Now, if you’re an operator, suppose that your new well is producing all its product upfront, and it’s an era of historically low pricing. Whoops. You’ve drilled a well that needs $7 natural gas to pay off, but you’re collecting only $3.50 at the wellhead. There goes the whole economic case for what you’re doing.

And suppose you’re that operator, looking ahead to maintaining output. Your new well is fast depleting, so now you almost immediately must drill another well, with more wells to follow. Welcome to the drilling treadmill. What’s the capex? What’s the cash flow? Are you making money? Who’s your banker? What about those shareholders, eh?

Then looking ahead, by year five, you’ve got little more than a low-volume, high-maintenance “stripper” well. Great business model, right?

At a larger scale of thinking about it, is this kind of energy treadmill really the way to energize the national economy? What are the inputs versus what’s the value of the output? It gets into that “energy return on investment” (EROI) idea.

Just consider what it “costs” to drill and frack each well. Consider the geologic work, the geophysics, leasing, permitting, pre-drill engineering, site-construction, drilling, completion, fracking, operations and maintenance. Did I miss anything? Darn right I did… this is a SHORT list!
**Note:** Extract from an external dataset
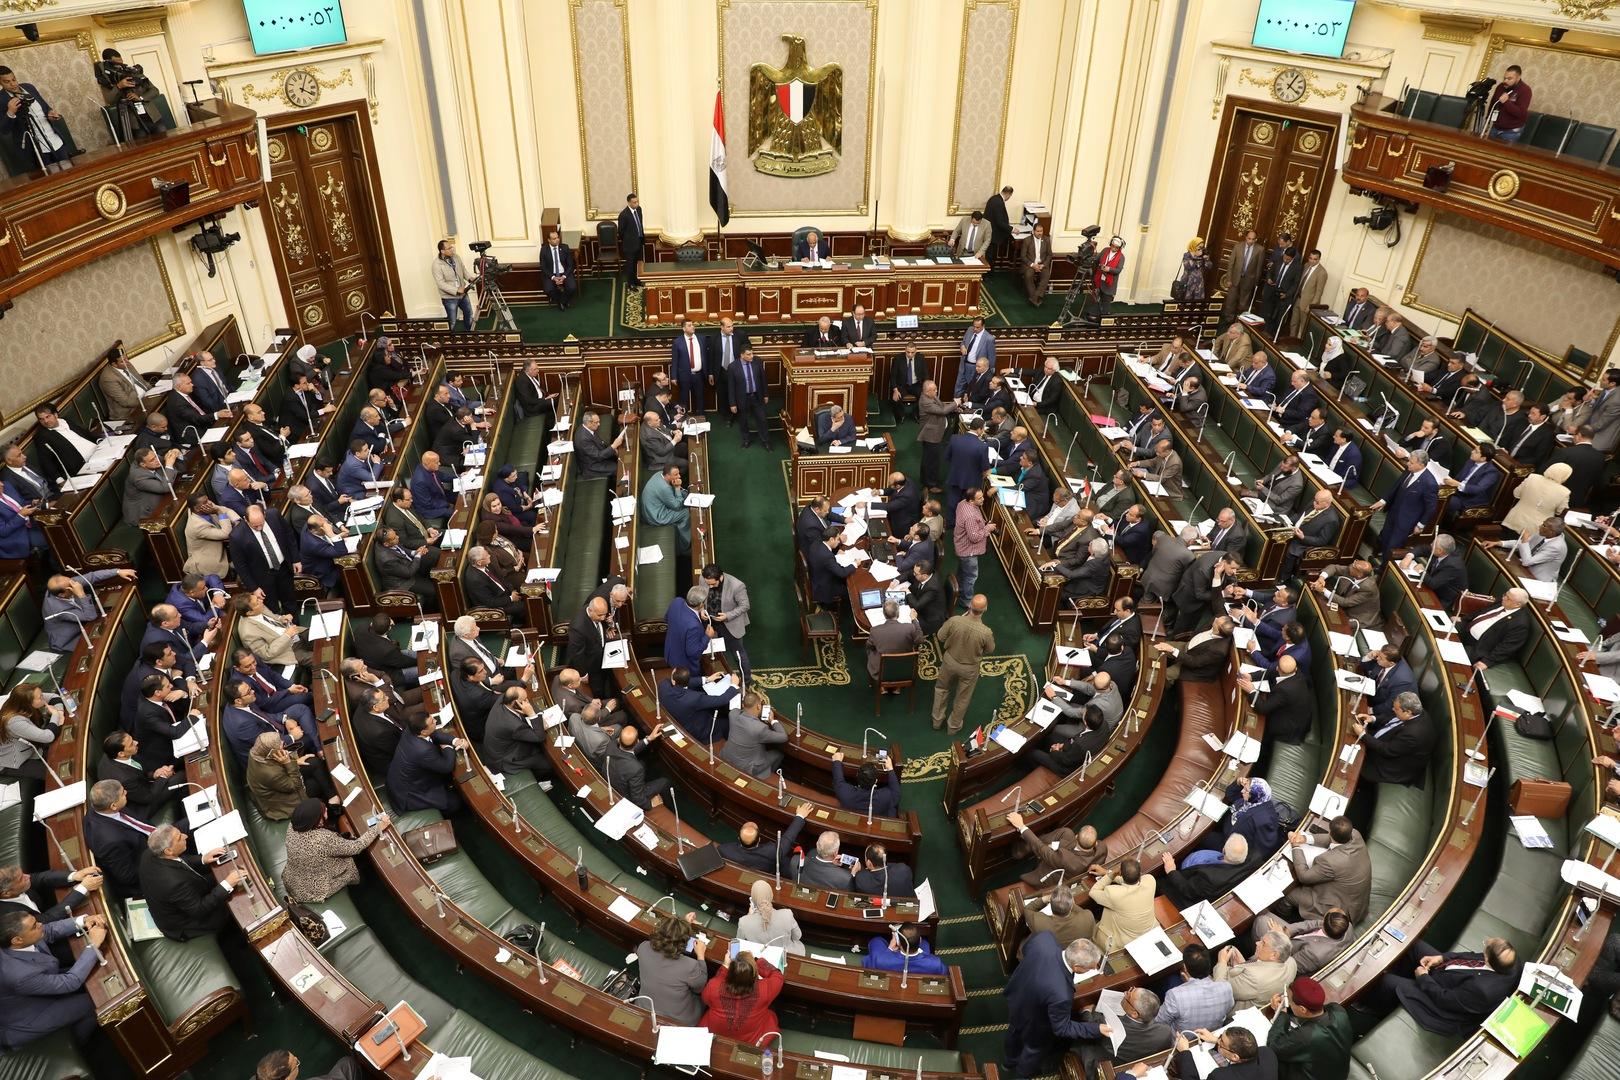 مجلس النواب المصري يوافق على قانون يمنع ترشح الضباط للرئاسة إلا بشروط
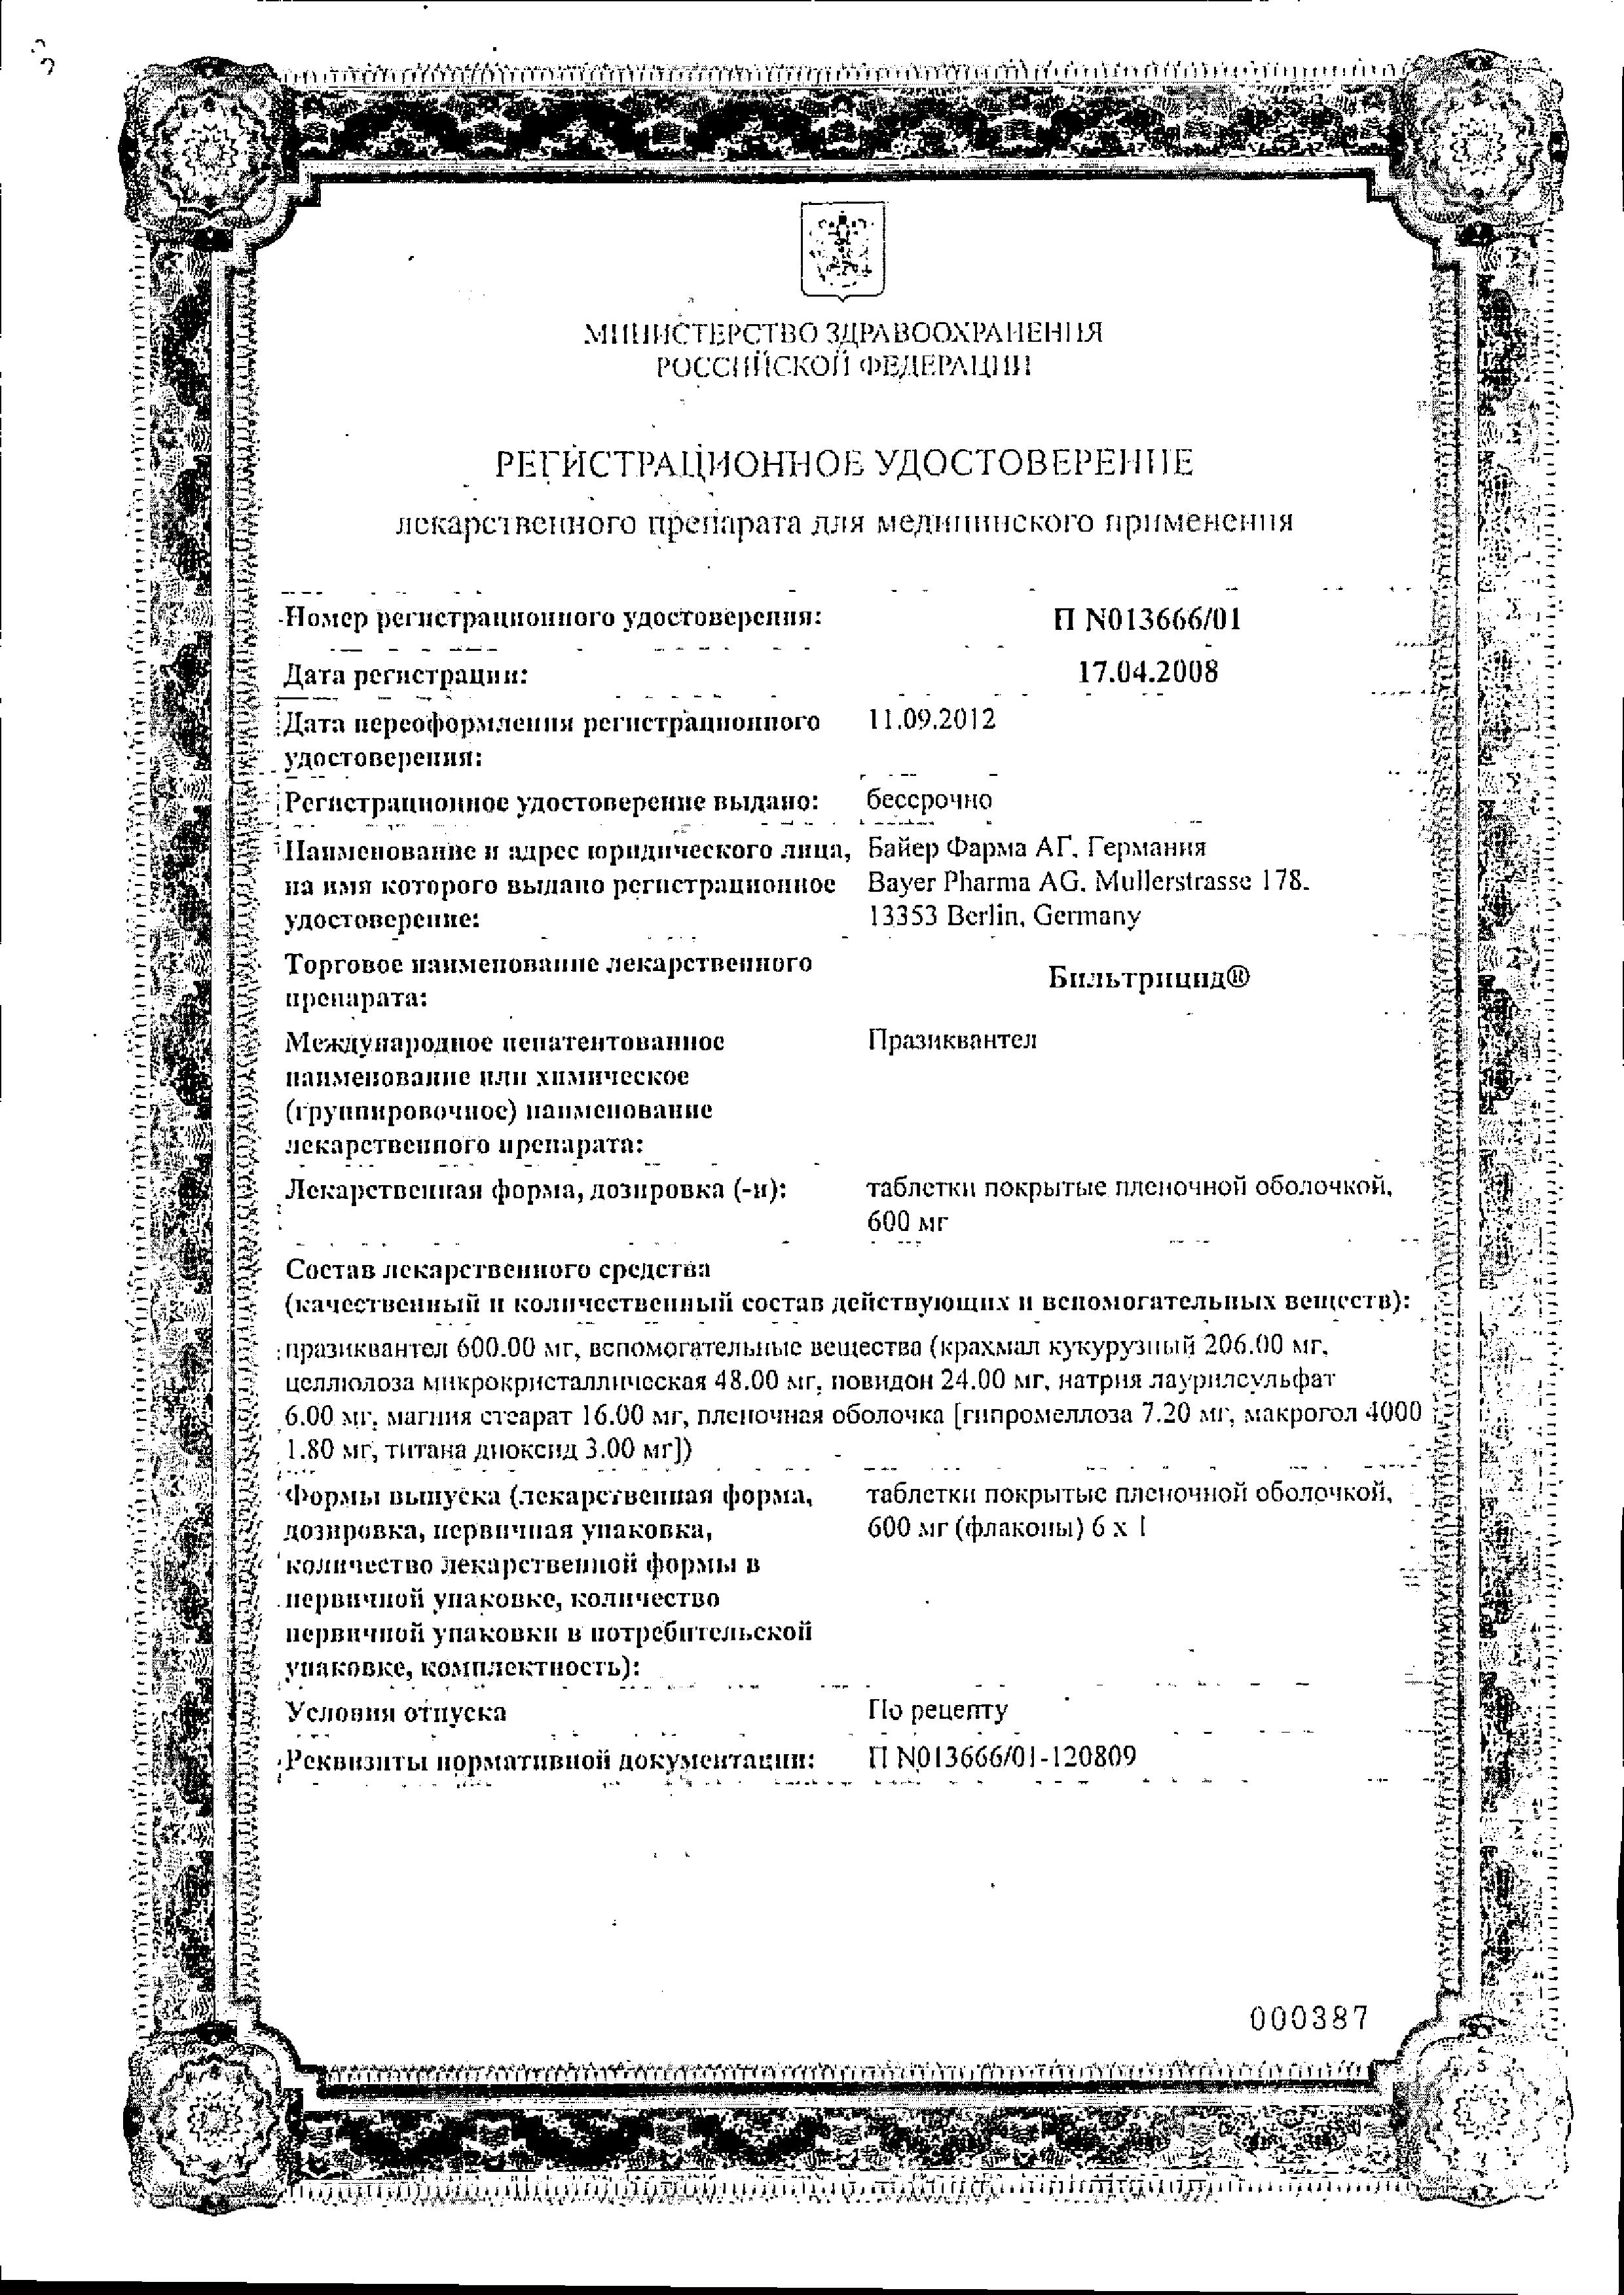 Бильтрицид сертификат

Now consider the externalities. Think of the land use issues. Think of the traffic from hauling stuff in and out, tearing up the roads and bridges. Think of the water use. Think of the pipeline grid that has to be built out. There’s a long list of other issues. All for wells that offer a quick pop of hydrocarbon and then decades of stripper status.

Yes, all of this makes for jobs for geologists, landmen, lawyers, bureaucrats, engineers, drillers, truck drivers, backhoe operators, well loggers and much more.

But long term, it tightens the economics of energy production. How investable is this? Good question.

That’s all for now. Thanks for reading.